Paola è architetto ed ha lavorato per molti anni nel settore pubblicitario. E’ entrata poi in contatto con Scacco Matto nel momento in cui è stato aperto il centro diurno a San Donato. A San Donato vi è infatti un’associazione di familiari molto attiva, per cui l’associazione è partita lavorando con questo gruppo e si è poi ampliata accogliendo persone da tutta Milano. Paola è molto sensibile al settore della salute mentale in ragione della sua storia familiare, motivo per cui ha colto volentieri la sfida di aprire una sede dell’associazione nella provincia di Milano.
Jacopo invece è arrivato a Scacco Matto circa un anno fa occupandosi di lavori manuali legati alla ristrutturazione dello spazio, mentre oggi sta imparando il lavoro da copyrighter e sta lavorando in ufficio gestendo le persone e facendo promozione. “Scacco Matto non è per tutti, ma è per le persone pronte per Scacco Matto”, ci dice. Lui è arrivato qui dopo aver fatto un percorso in comunità e nel centro diurno si è subito trovato bene, in quanto ha trovato persone con cui passare la giornata, ritrovando una dimensione di normalità. La vita in comunità è stata per lui “de socializzante”, in quanto si ha a che fare con persone in terapia e con un malessere molto accentuato, per cui era difficile instaurare dei rapporti umani sani. Qui ha quindi riesercitato la sua capacità di interagire e socializzare con gli altri: “Saper instaurare dei rapporti di amicizia con le altre persone necessita infatti di tempo, dedizione e volontà. Ogni luogo ha la sua peculiarità”, ci spiega. La comunità serve a far fronte ad un momento di disturbo, il percorso ospedaliero crea un equilibrio che, una volta raggiunto, mette le persone in misura di intraprendere poi un percorso come quello con Scacco Matto, in cui si ridiventa protagonisti della propria vita, scoprendo e facendo emergere le proprie attitudini ed il proprio carattere. Chi arriva qui ha quindi superato la fase più acuta della malattia ed entra in una nuova fase di uscita dall’isolamento a cui spesso la malattia porta, e di risocializzazione.
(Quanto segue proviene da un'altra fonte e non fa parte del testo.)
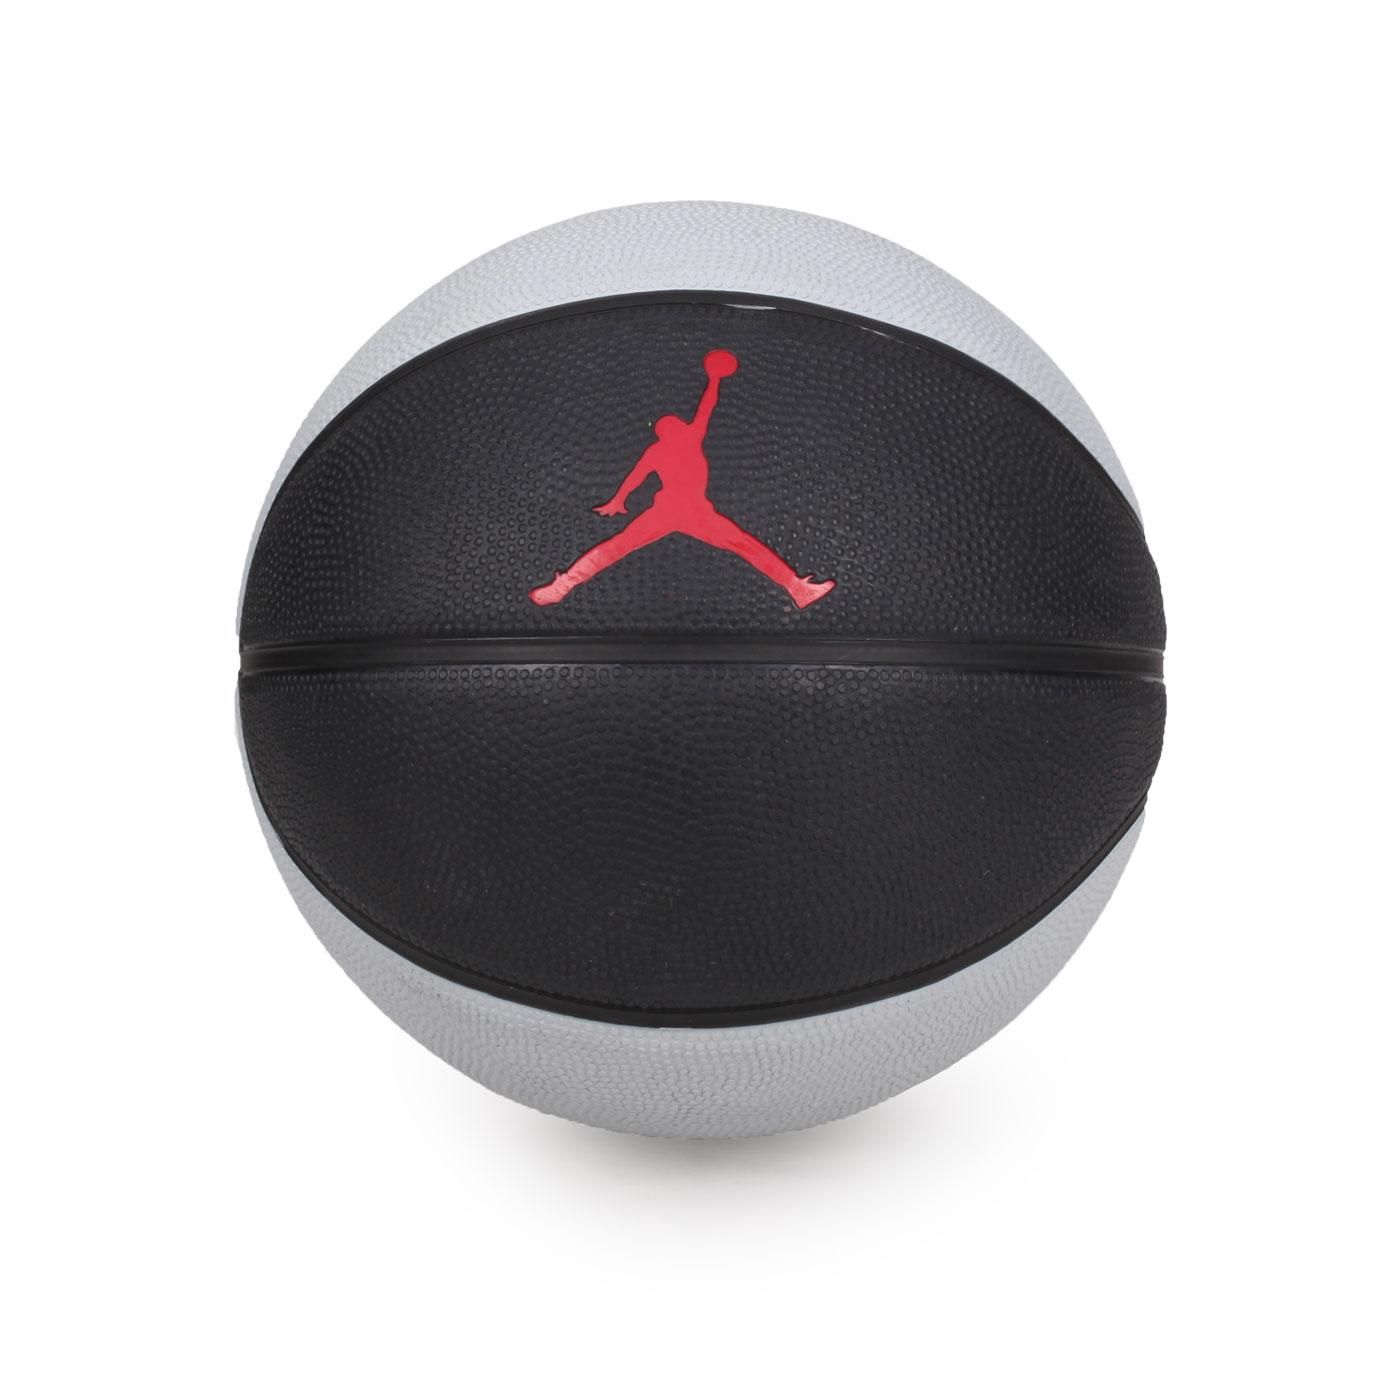 NIKE JORDAN SKILLS 3號籃球 J000188404103 - 黑灰紅

Quando Jacopo è arrivato qui per la prima volta, gli è stato chiesto cosa gli piacesse fare. A lui piace scrivere per cui ha aiutato gli altri ragazzi a esprimere le loro esperienze e a fare teatro, scrivendo anche degli articoli. “Mentre in comunità cumulavo una piramide di piccole sconfitte, qui sto cumulando una piramide di piccole vittorie. Per le persone con un disagio mentale è importante essere riconosciute e riconoscersi in qualcosa che ha valore”. A tal proposito Paola ricorda di quando hanno partecipato ad un corteo con le associazioni di Corvetto, in cui i ragazzi e le ragazze di Scacco Matto si sono rivelati una risorsa utile: “Il passaggio da chi necessita di essere accudito a chi può invece essere un aiuto importante è stata una presa di coscienza importante anche per loro”. Tra le altre soddisfazioni vi è anche la vincita, lo scorso anno, di un concorso sul racconto di episodi autobiografici: Jacopo ha infatti una grande propensione all’ascolto per cui persone anche reticenti si sono aperte con lui raccontando la propria vita. “Raccontarsi ha rappresentato un momento importante di presa di consapevolezza rispetto al proprio passato”. Jacopo cita un paio di esempi di persone con mutismo selettivo e agorafobia che qui hanno ritrovato la loro dimensione.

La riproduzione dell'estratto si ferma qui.